Papá quiere hablar por teléfono con Jairo y con mamá. Ya no quiere salvarlo, me doy cuenta. Ya se resignó, se da cuenta de que es tarde. Lo único que quiere es despedirse. Y aunque por un lado sea sabio, no les voy a decir que no, por el otro me da tanta rabia que quiero sacudirlo. Y me acerco y le veo una herida fresca en el hombro izquierdo. La tela de su camisa está empapada de sangre.
–Papá... –le digo.
–Tengo que hablar con tu mamá. Todavía podemos hacer algo.
Margarita, con un fastidio manifiesto, le pide a una de las arañas que se acerque. Le pide que nos comparta una pata. La araña lo hace y yo le veo algo algún tipo de circuito electrónico. Margarita se pregunta a papá por el número al que quiere comunicarse. Papá le dice el número. La araña se conecta.

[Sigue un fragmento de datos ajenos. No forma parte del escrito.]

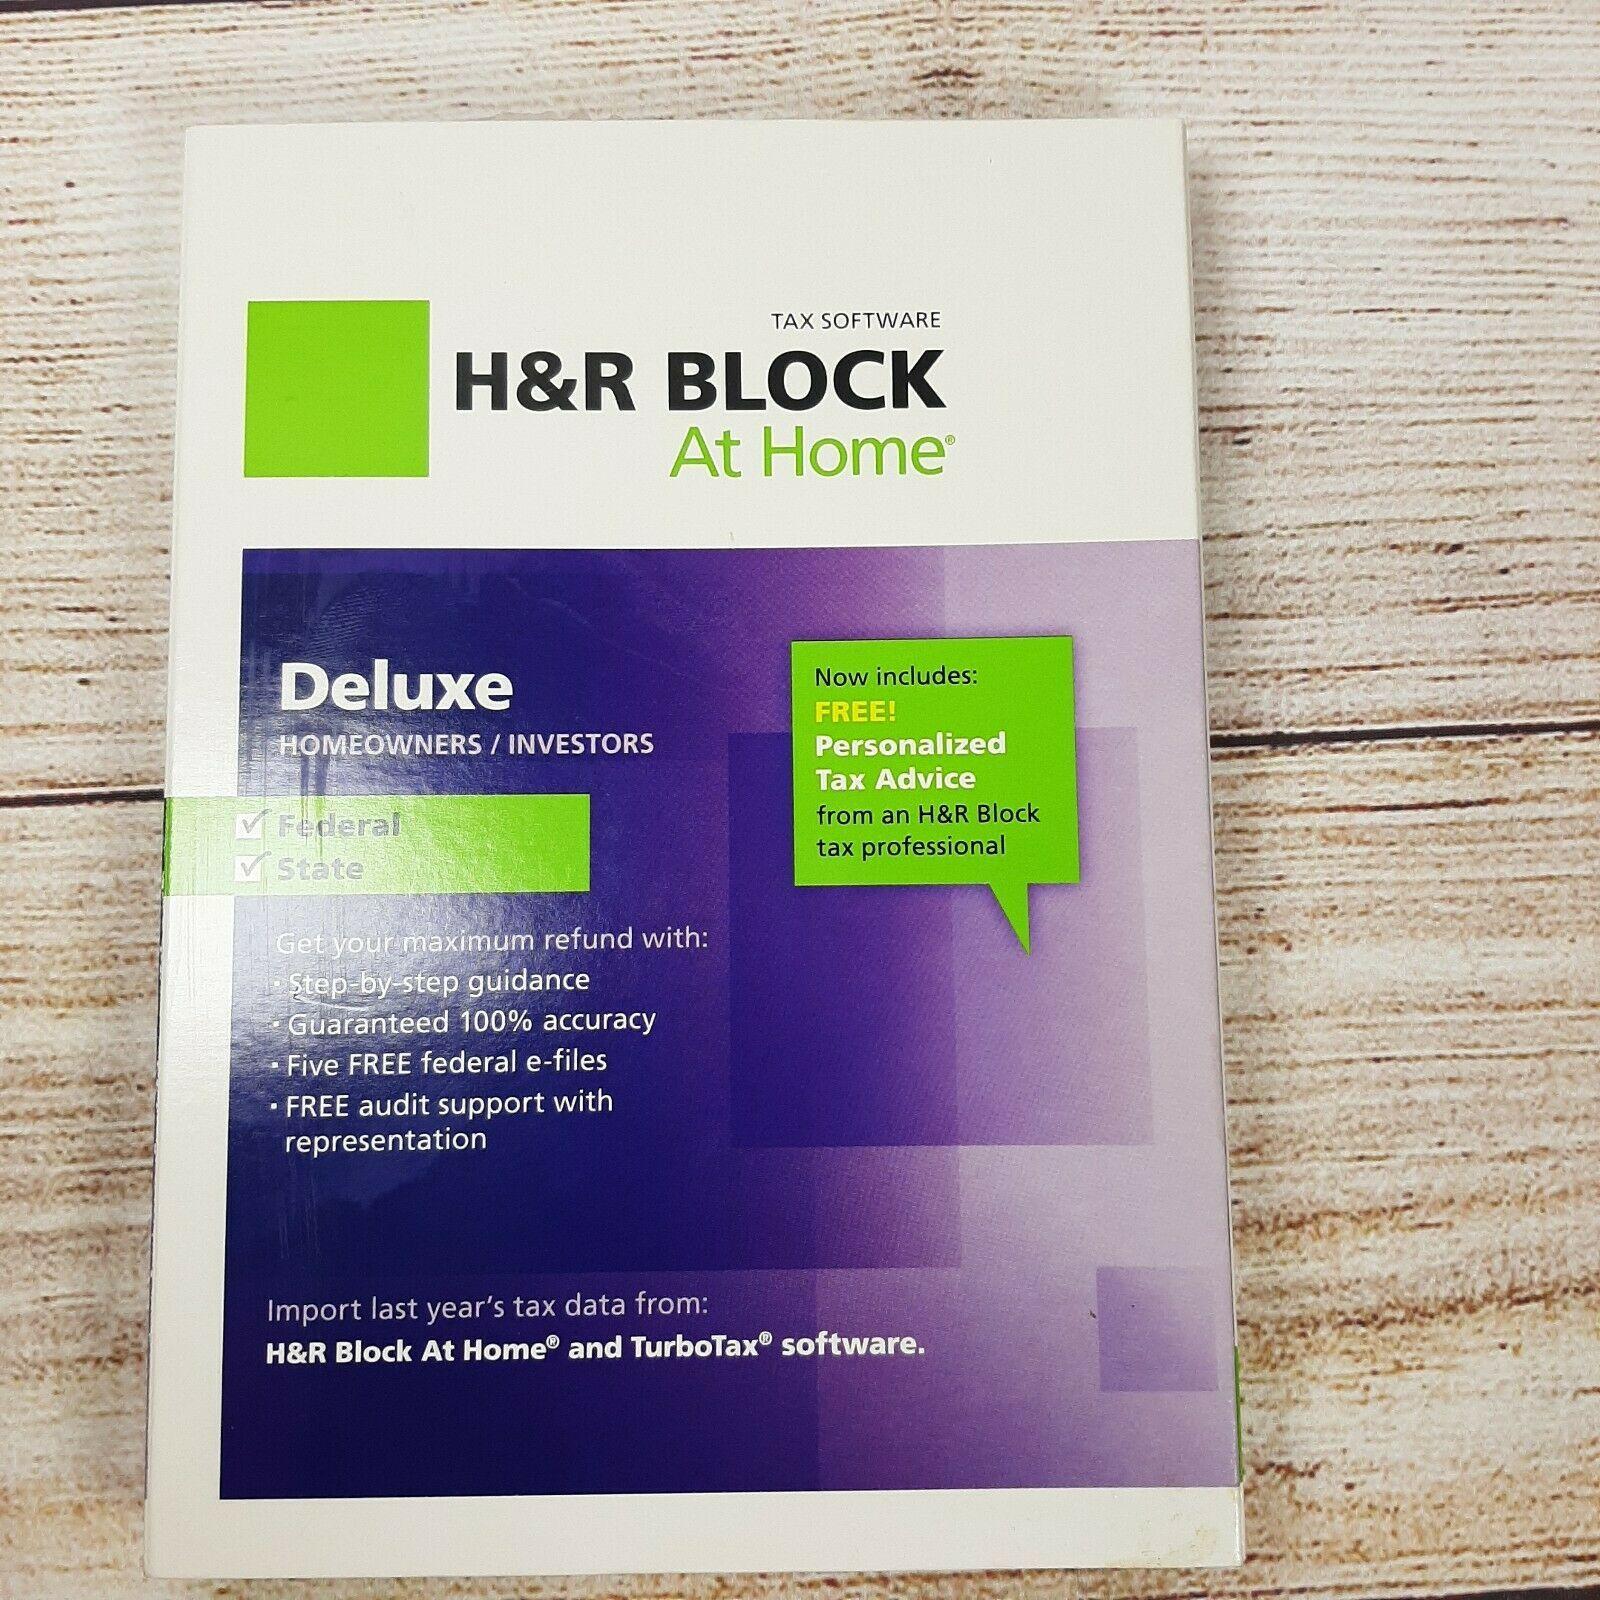 H&R Block At Home Premium 2012 Tax Software Read Description - $5.93

–Tenemos unos cómplices cerca de la frontera, por el tema de las comunicaciones –explica Margarita–. Sale una fortuna pero una sabe que a veces hace falta.
La pata de la araña tiene algún tipo de micrófono y de altoparlante. Contarlo es tan ridículo como vivirlo, y con esto quiero decir que es muy ridículo, pero ¿a quién no le pasa que en algún momento su vida se le vuelve ridícula y ya no hay nada por hacer?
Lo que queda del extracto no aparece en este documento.